Легко и бесшумно Элфгива выскользнула за дверь и, промелькнув, словно тень, мимо монастырской сторожки, направилась к мосту и городским воротам. Кадфаэль тихонько притворил за ней дверь и, поднявшись по ночной лестнице, укрылся в своей келье. Конечно, ложиться спать было уже поздно, но для того, чтобы со звуком колокола «подняться» и, присоединившись к братии, отправиться на ночную службу, он поспел в самый раз.
На следующий день, как и следовало ожидать, исчезновение молодой женщины было замечено, что повлекло за собой немалый шум. Леди Фиц Гамон ожидала, что, как только она откроет глаза, служанка тут же явится к ее постели, чтобы одеть и причесать свою госпожу.
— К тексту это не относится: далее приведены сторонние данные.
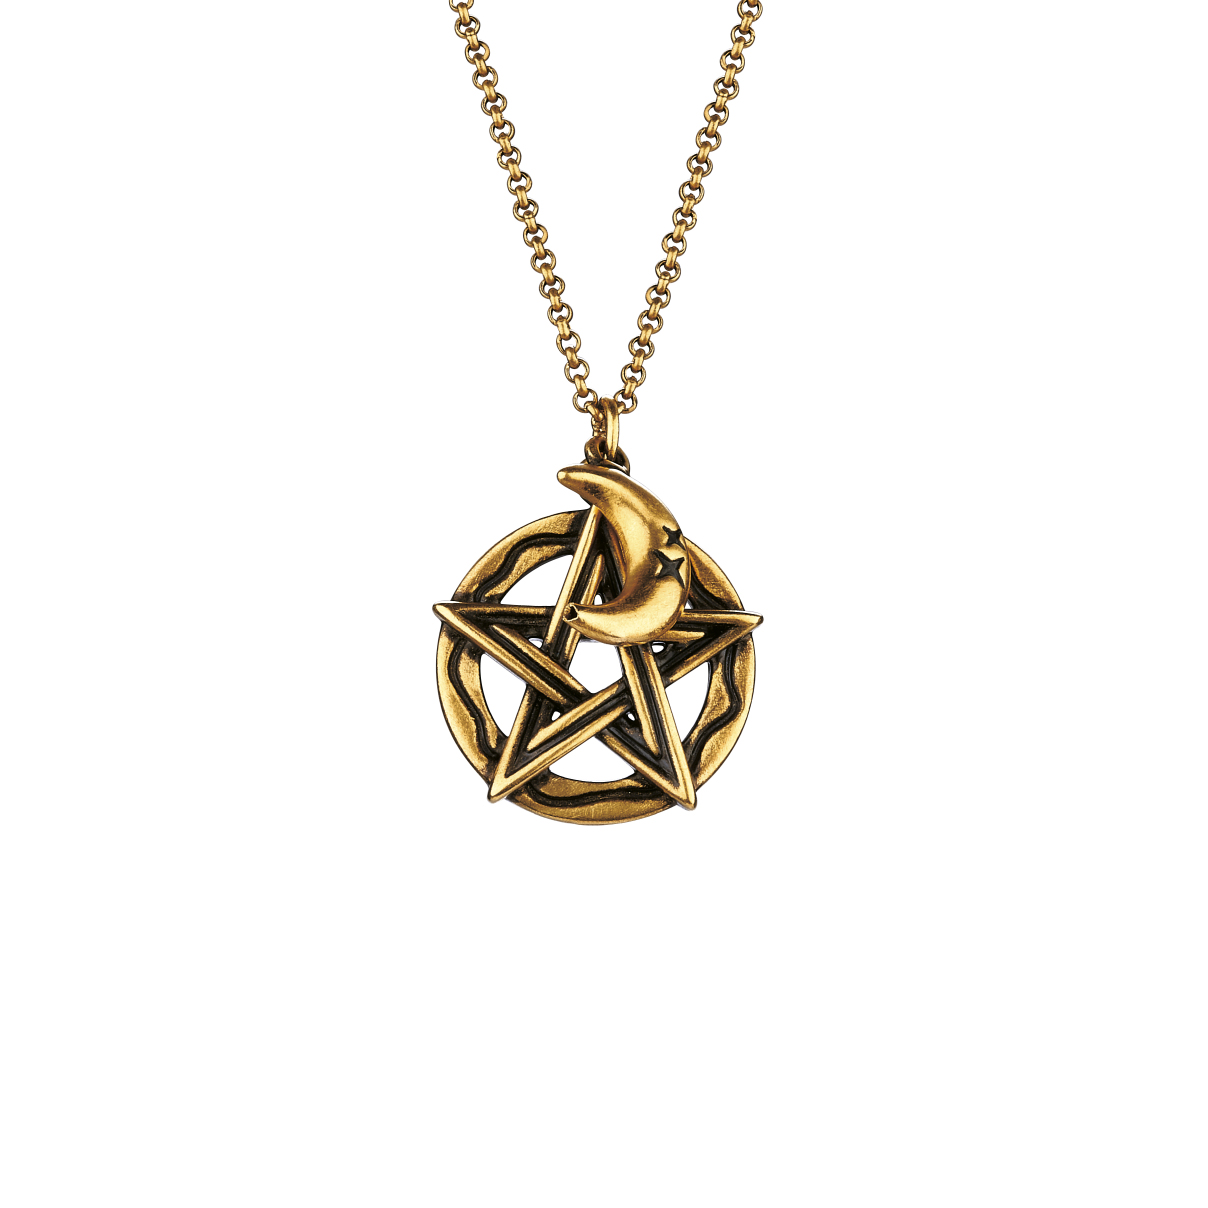 F-style Hey Cool Gold Pendant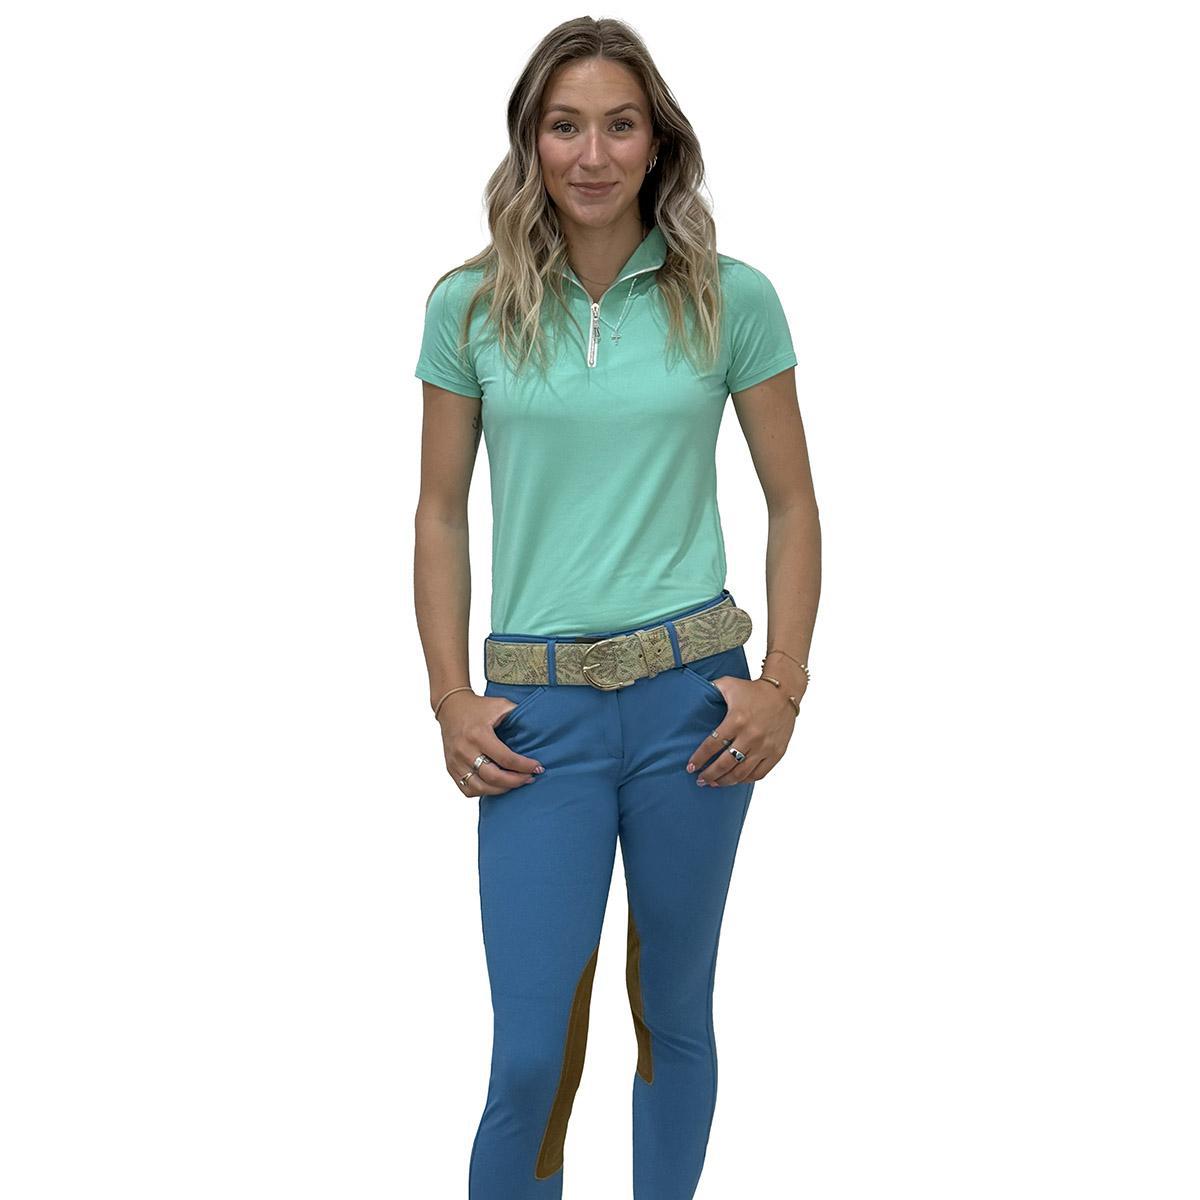 Tailored Sportsman Low Rise Front Zip Vintage Knee Patch Breeches

Отсутствие Элфгивы, обычно такой услужливой и расторопной, поначалу удивило ее, а потом не на шутку рассердило. Прошло не менее часа, прежде чем леди начала понимать, что, скорее всего, больше уже никогда не увидит своей служанки. Наскоро приведя себя в порядок, — отчего разозлилась еще больше, ибо не привыкла делать это собственными руками, — она побежала жаловаться мужу. Лорд Гамо, поднявшийся чуть раньше, в это время поджидал жену, чтобы вместе с ней отправиться к мессе.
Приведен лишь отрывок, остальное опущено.